Hadoop第二篇:使用Maven开发Hadoop编程进阶

如何进行java代码开发进行符合自己需求的实践，先从Wordcount看看它是如何做的，这里从使用java接口看看一些基本的操作开始。

基础环境

win7
JDK1.8
maven安装
IDEA
Hadoop在centos上部署完成（单机版，请参看前一篇）

java代码

IDEA创建一个java项目

pom.xml如下

<?xml version="1.0" encoding="UTF-8"?>
<project xmlns="http://maven.apache.org/POM/4.0.0"
         xmlns:xsi="http://www.w3.org/2001/XMLSchema-instance"
         xsi:schemaLocation="http://maven.apache.org/POM/4.0.0 http://maven.apache.org/xsd/maven-4.0.0.xsd">
    <modelVersion>4.0.0</modelVersion>

    <groupId>com.bamboo</groupId>
    <artifactId>hadoop-1</artifactId>
    <version>1.0-SNAPSHOT</version>

    <dependencies>

        <dependency>
            <groupId>org.apache.hadoop</groupId>
            <artifactId>hadoop-hdfs</artifactId>
            <version>2.7.5</version>
        </dependency>
        <dependency>
            <groupId>org.apache.hadoop</groupId>
            <artifactId>hadoop-client</artifactId>
            <version>2.7.5</version>
        </dependency>
        <dependency>
            <groupId>org.apache.hadoop</groupId>
            <artifactId>hadoop-common</artifactId>
            <version>2.7.5</version>
        </dependency>

        <dependency>
        <groupId>org.slf4j</groupId>
        <artifactId>slf4j-log4j12</artifactId>
        <version>1.7.2</version>
        </dependency>
    </dependencies>

</project>

文件的创建和读取

直接本地运行即可

使用mapredace进行数据处理

代码重现wordCount的内容，这里类取名为hadoop2

MapReduce理论

这部分可以跳过直接后面的代码，然后再回过头看看。

MapReduce分成了两个部分：
　　　　　　1）映射（Mapping）对集合里的每个目标应用同一个操作。
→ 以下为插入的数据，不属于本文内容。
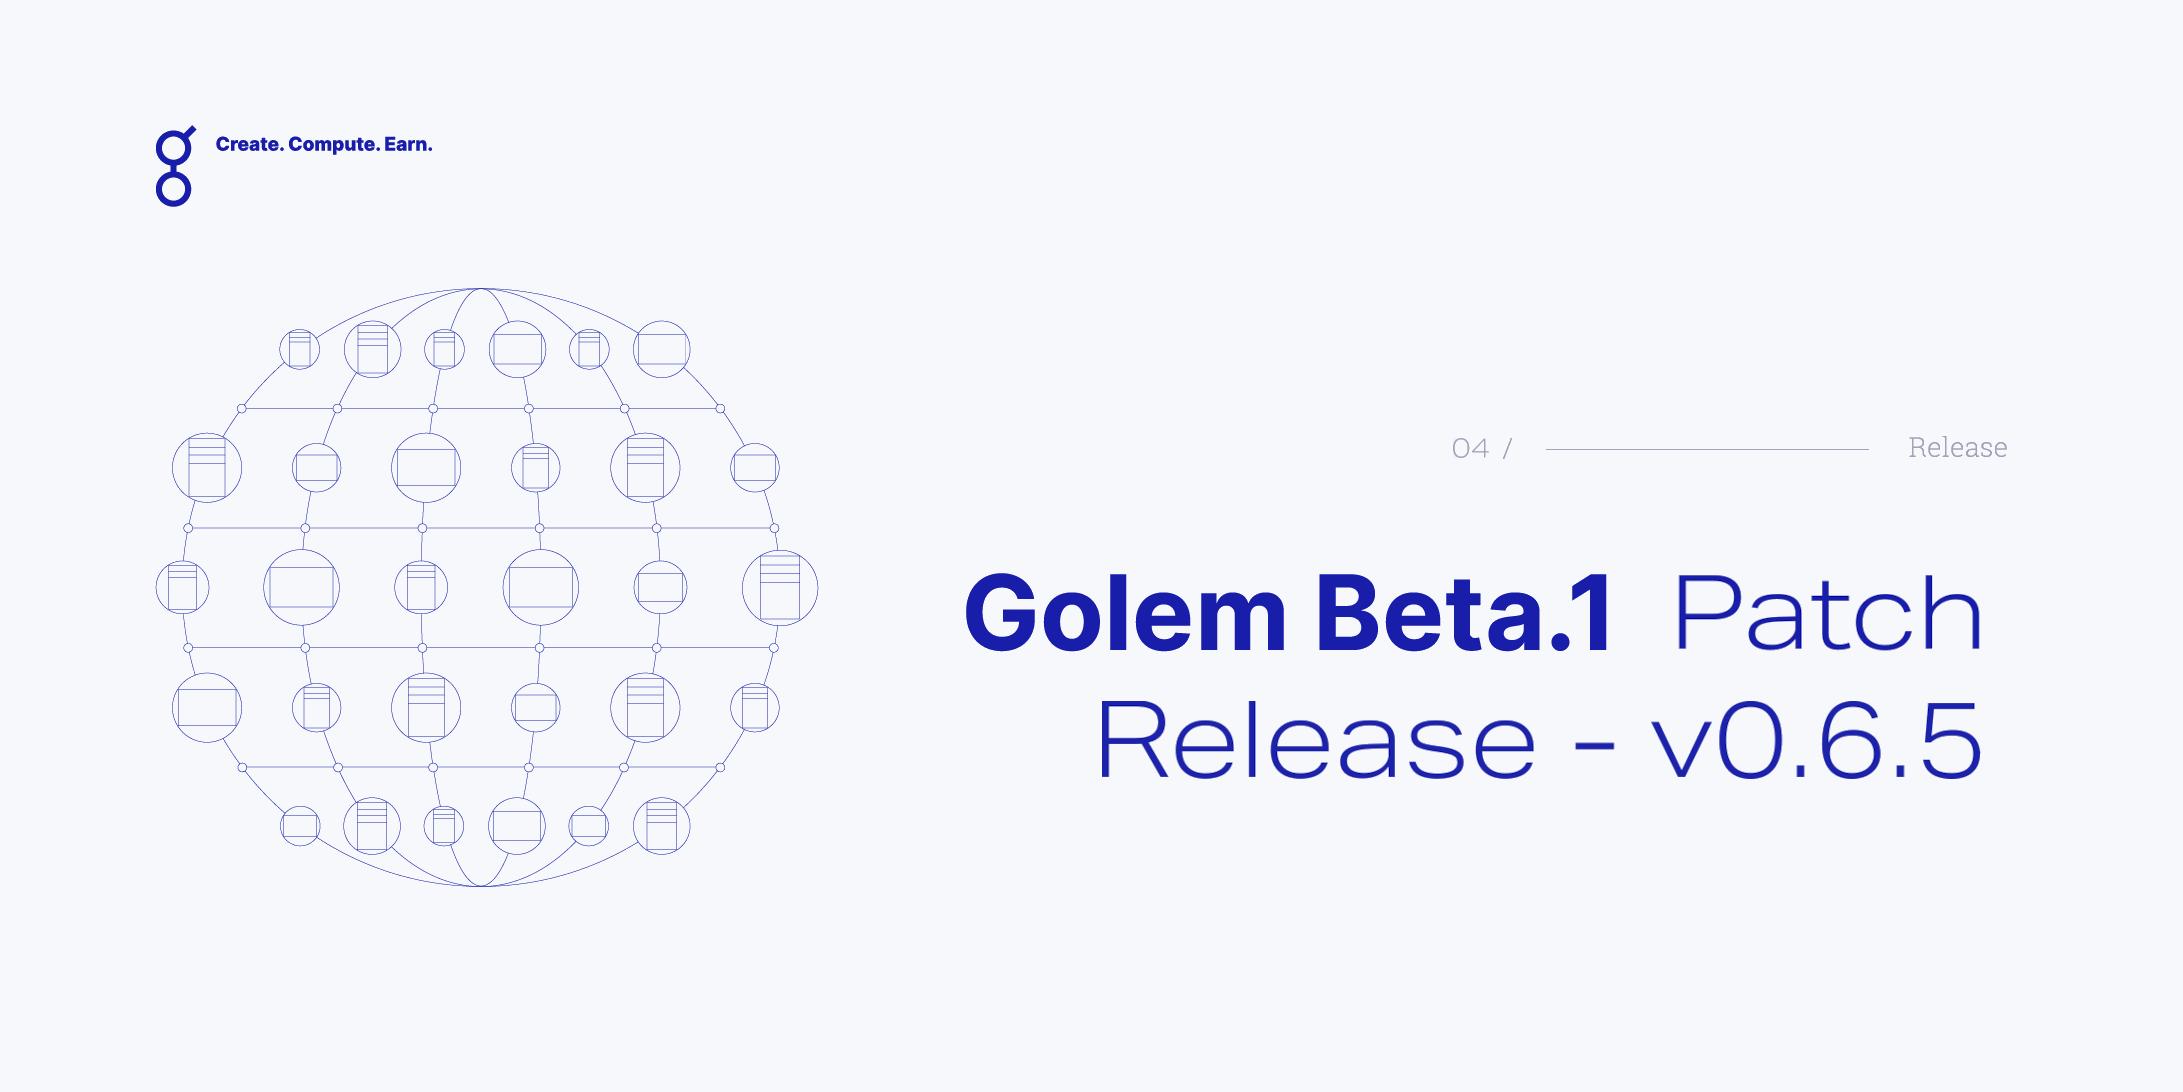 Golem Beta 1 Patch Release - v0.6.5

如把大象放进冰箱分几个步骤，那么就可以把每个步奏当成一个mapping.
　　　　　　2）化简（Reducing）遍历集合中的元素来返回一个综合的结果。即，每个步奏的输出结果的过程,这个任务属于reducing。
　
你向MapReduce框架提交一个计算作业时
1.它会首先把计算作业拆分成若干个Map任务，然后分配到不同的节点上去执行，每一个Map任务处理输入数据中的一部分
2.当Map任务完成后，它会经历Shuffle将多个map结果合并生成一些中间文件
3.这些中间文件将会作为Reduce任务的输入数据,经过Reduce处理之后把结果合并输出

Shuffle的主要目标就是把前面若干个Map的输出合并成若干个租（相当于group by）。

Reduce任务的主要目标就是把Shuffle合并后的数据作为输入数据处理后输出
　　　MapReduce的伟大之处就在于编程人员在不会分布式并行编程的情况下，将自己的程序运行在分布式系统上资料参考。

mapreduce之mapper、reducer个数

案例讲解

在map(v1)->k2函数中，输入端v1代表的是一行数据，输出端的k2可以代表是被引用的专利，在一行数据中所有v2和引用的次数。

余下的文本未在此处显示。